Emeutes et réseaux sociaux : sortie du réel ou réalité amplifiée par la virtualité ?
Dans le contexte des récentes émeutes suscitées par la mort tragique de Nahel, tué par un policier, les réseaux sociaux se retrouvent une fois de plus au centre des débats. En quoi et pourquoi sont-ils considérés comme amplificateur de violences urbaines ? Quel rôle jouent-ils dans la diffusion des vidéos et quels sont les enjeux réels derrière ces contenus ?
Mimétisme et partage massif en temps réel
L'effet de mimétisme est l'un des premiers phénomènes observés grâce au partage massif des vidéos de violence. Ces vidéos ont suscité une sorte de surenchère et de défi, poussant les jeunes impliqués dans les émeutes à réaliser des actes plus spectaculaires que ceux précédemment diffusés, voire à imiter ce qui avait été fait par d'autres. Les contenus des vidéos, filmées par des témoins ou des participants, varient entre des témoignages simples de pillages et des tonalités humoristiques ou ironiques accompagnées de commentaires décalés.
Une coordination des actions violentes facilitée par les réseaux sociaux
Si en 2005, les appels téléphoniques ont suffi pour permettre aux jeunes de se synchroniser, la différence majeure soutenue par l’utilisation des plateformes se situe dans la diffusion ou le partage d’informations en temps réel et à un nombre très important de personnes en simultané.
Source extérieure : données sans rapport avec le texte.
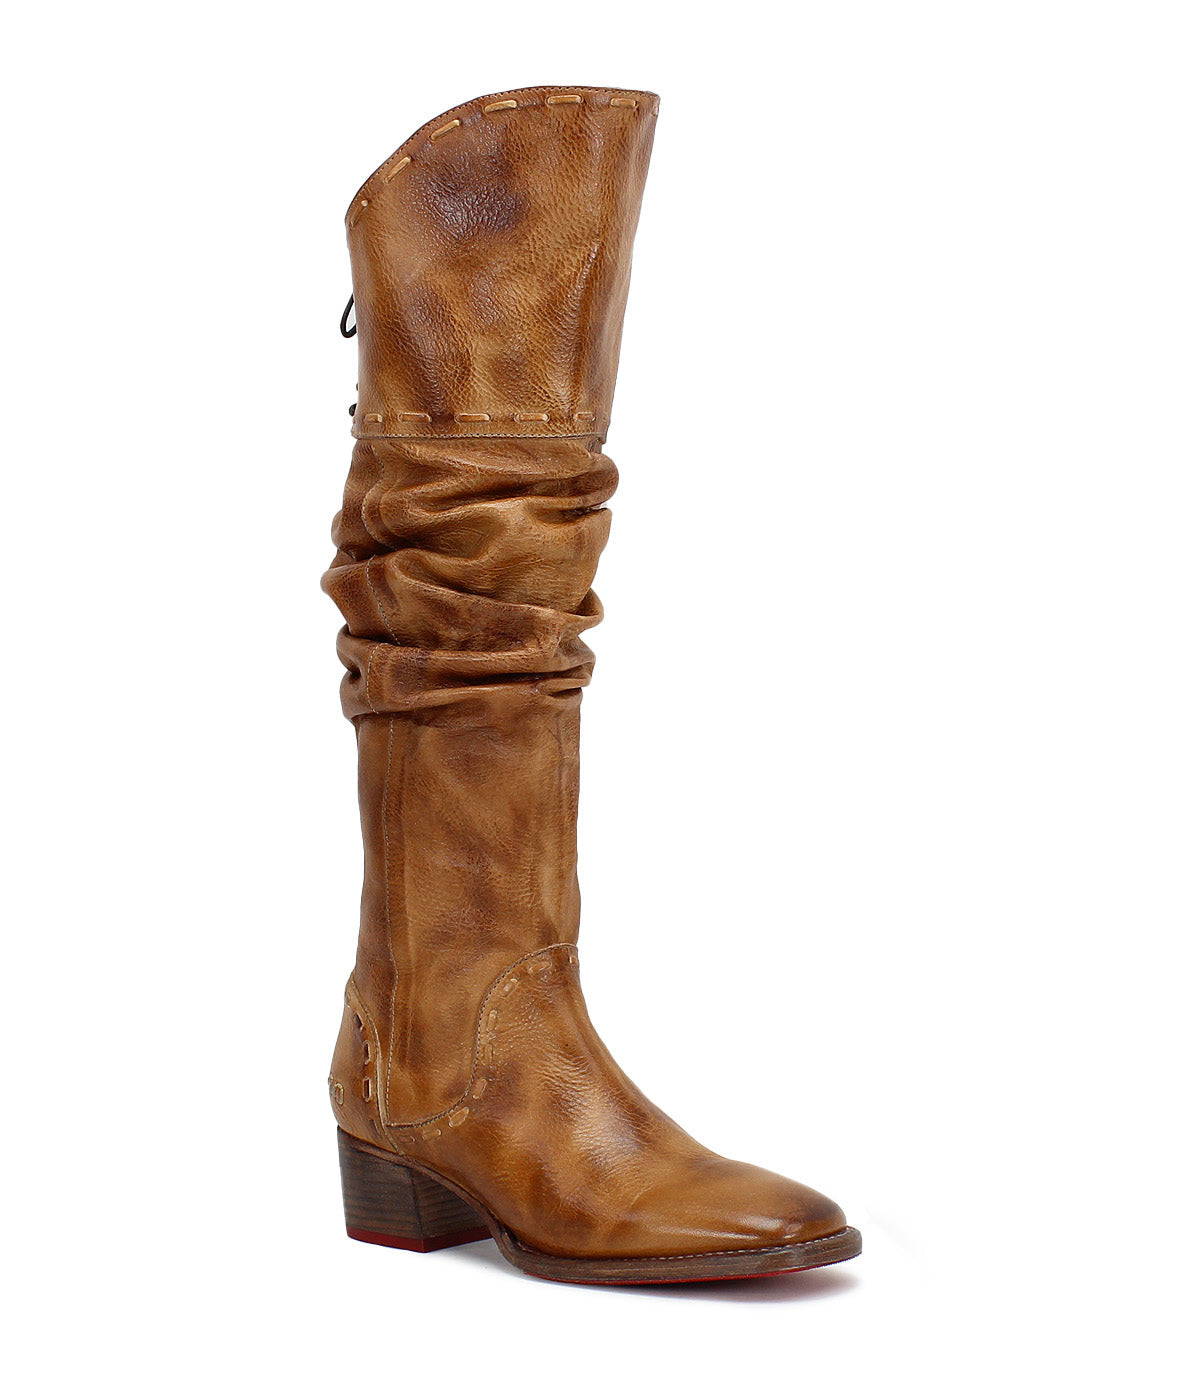 A women's Bed Stu Leilani tan leather over the knee boot.
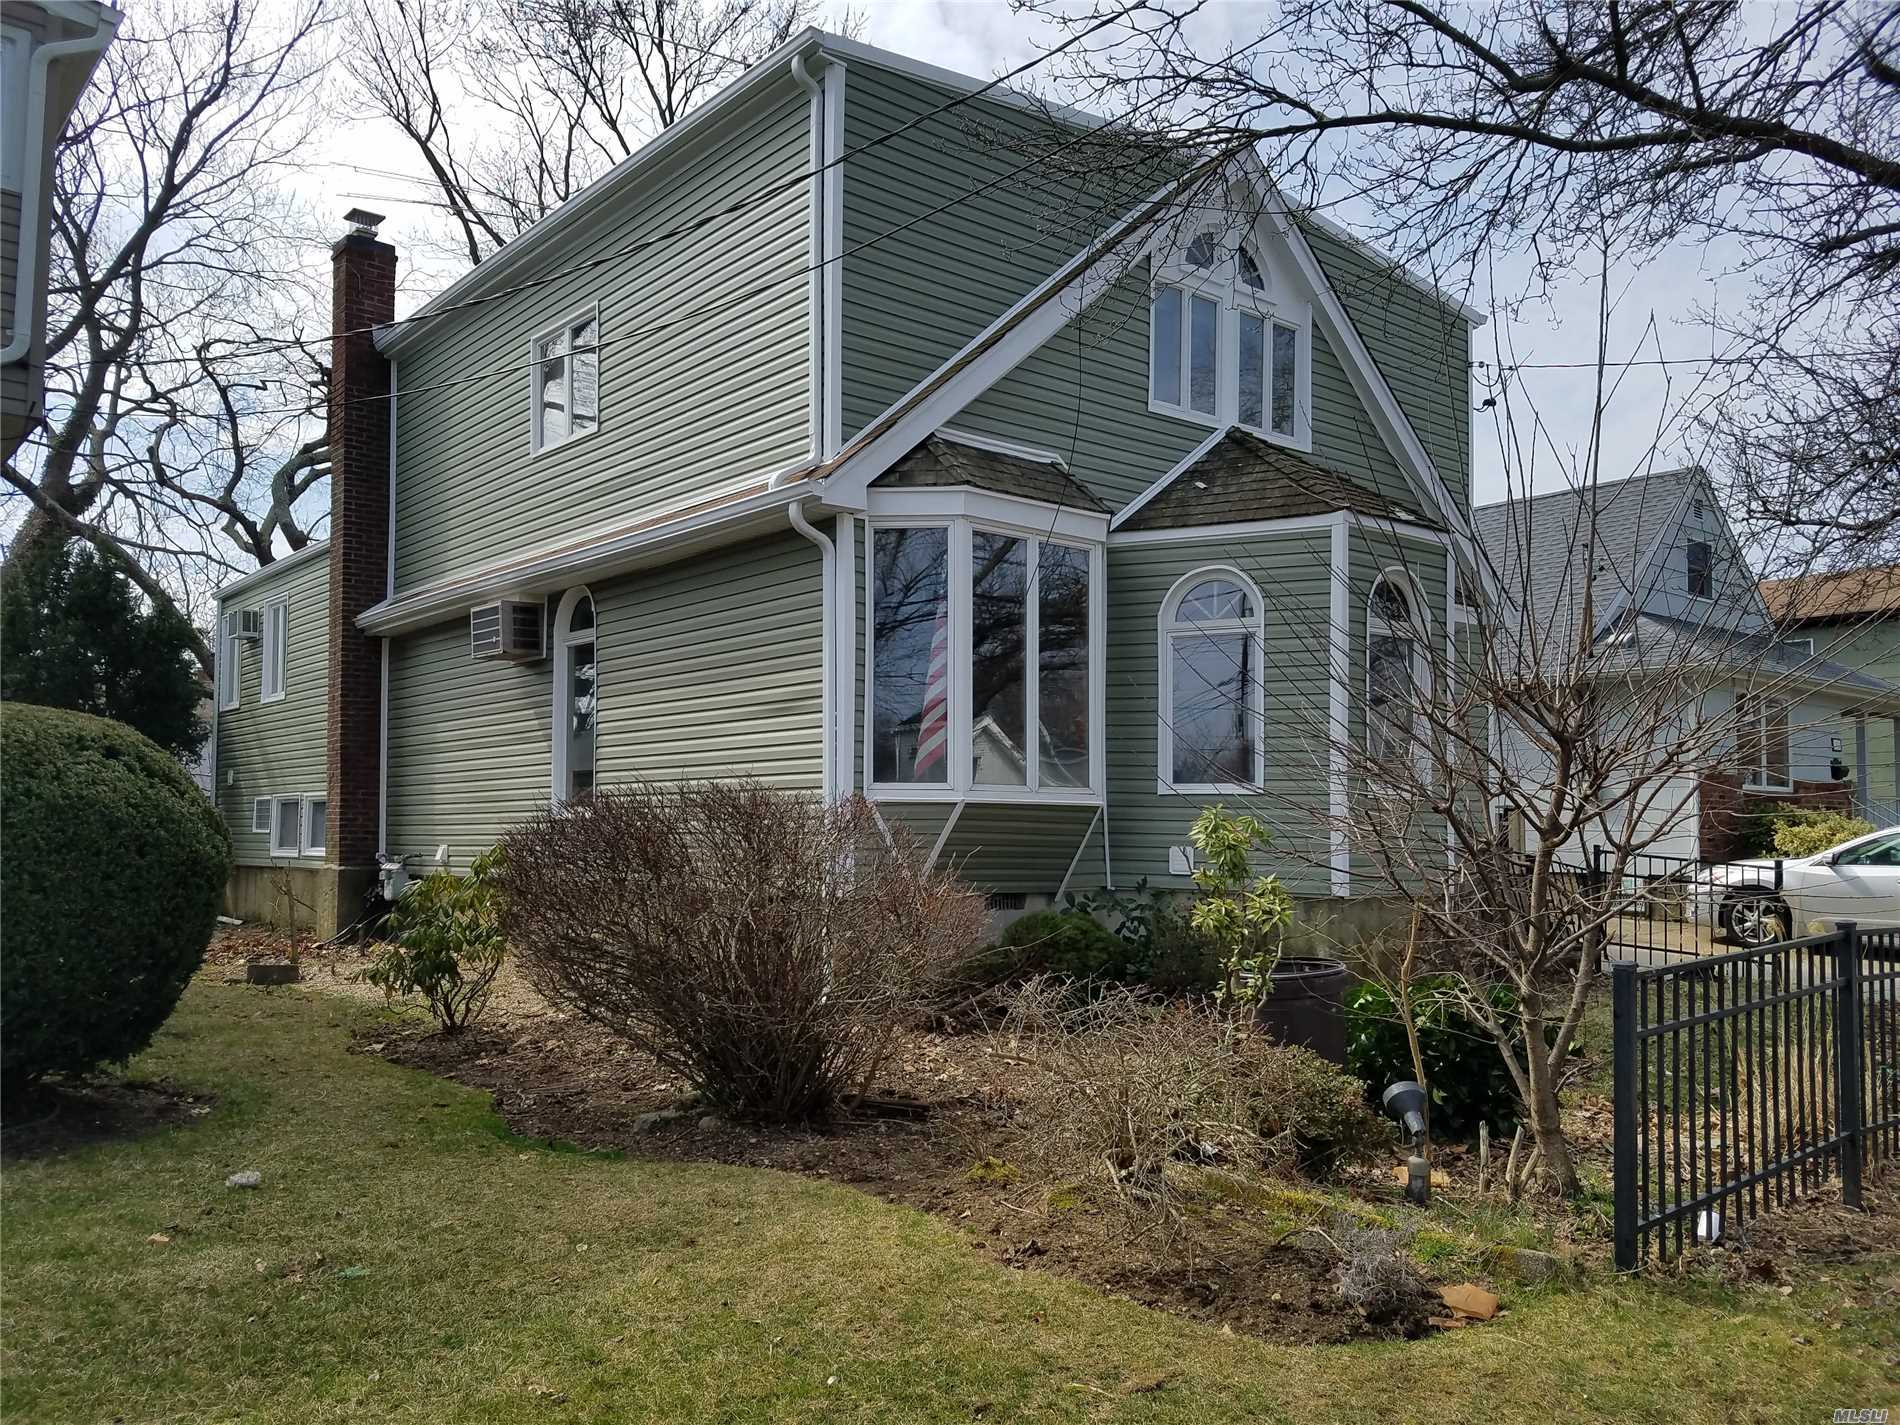 Large Split Level Home In Beautifull Baldwin Harbor. Great House In A Great Neighborhood, Featuring 4 Bedrooms, 2.5 Bathrooms, Finished Basement With 2 Rooms And A 1/2 Bath, Separated Entrance, Rear Wooden Deck, Baldwin Schools, Close To All.

Ainsi, des vidéos ont été massivement diffusées sur des plateformes telles que Snapchat, TikTok, Twitter, et dans des groupes privés sur Telegram. La plateforme Snapchat, en particulier, a permis de repérer les lieux des émeutes grâce à la "snap map", qui indique en temps réel les zones où se concentrent les publications publiques. Les hashtags les plus populaires répertoriés à cette occasion ont également favorisé la diffusion des vidéos. En cherchant les mots clés #émeutes, #Nahel, #Nanterre, #police, #guerrecivile, on pouvait trouver instantanément et en masse tous les contenus en référence aux violences en cours.
Entre liberté d’expression et sécurité, quelle réponse institutionnelle apporter ?
Face à cette situation, les autorités ont cherché des réponses en demandant aux plateformes telles que Meta, Snapchat, Twitter et TikTok de retirer rapidement les contenus signalés et d'identifier les réseaux participant à des infractions, tout en répondant aux demandes des autorités judiciaires.
Des discussions sont également en cours sur la question de lever l'anonymat des personnes incitant à la violence et de supprimer plus rapidement les contenus illégaux et sensibles. Cependant, ces mesures soulèvent des questions complexes liées à la liberté d'expression et à l'équilibre entre sécurité et droits fondamentaux. D’ailleurs, la suppression de contenus illégaux ou sensibles a fait l’objet d’une proposition (loi Avia de 2020) et a été jugée incompatible avec la liberté d’expression par le Conseil constitutionnel car disproportionnée et ne permettant pas l’intervention d’un juge pour qualifier ou ces contenus en ligne.
Enfin, bloquer complètement les réseaux sociaux a été jusqu’à maintenant l’apanage de régimes autoritaires, notamment l’Iran en 2022 après la mort de Mahsa Amini, la Turquie en 2014 à la suite de fuites sur Twitter impliquant R.Tayyip Erdogan (1er Ministre à l’époque) dans une affaire de corruption, ou la Chine qui bannit les réseaux sociaux depuis 2009.
Vers une régulation plus stricte des réseaux sociaux
Des évolutions devraient s’opérer avec l'entrée en vigueur le 25 août prochain du Digital Services Act au sein de l'Union européenne. Dans un délai d’un an, il obligera les plateformes à supprimer les contenus qui enfreignent la loi et à suspendre les utilisateurs qui publient ces contenus illégaux. Les plateformes devront renforcer leurs moyens techniques et humains pour une modération plus rapide et transparente, tout en étant soumises aux contrôles de la Commission européenne avec des amendes possibles jusqu’à 6% de leur chiffre d’affaires.
Les réseaux sociaux n’opèrent pas une sortie du réel, ils l’amplifient, avec tous les effets pervers et positifs que cela peut engendrer. Opposer le réel à ce qui se présente sur les réseaux sociaux laisse supposer l’existence d’une réalité parallèle et autonome – une bulle sociale avec des comportements nés sur ces plateformes - dont nous serions tous dépossédés, alors même que la réponse se trouve très certainement dans une responsabilisation individuelle et collective.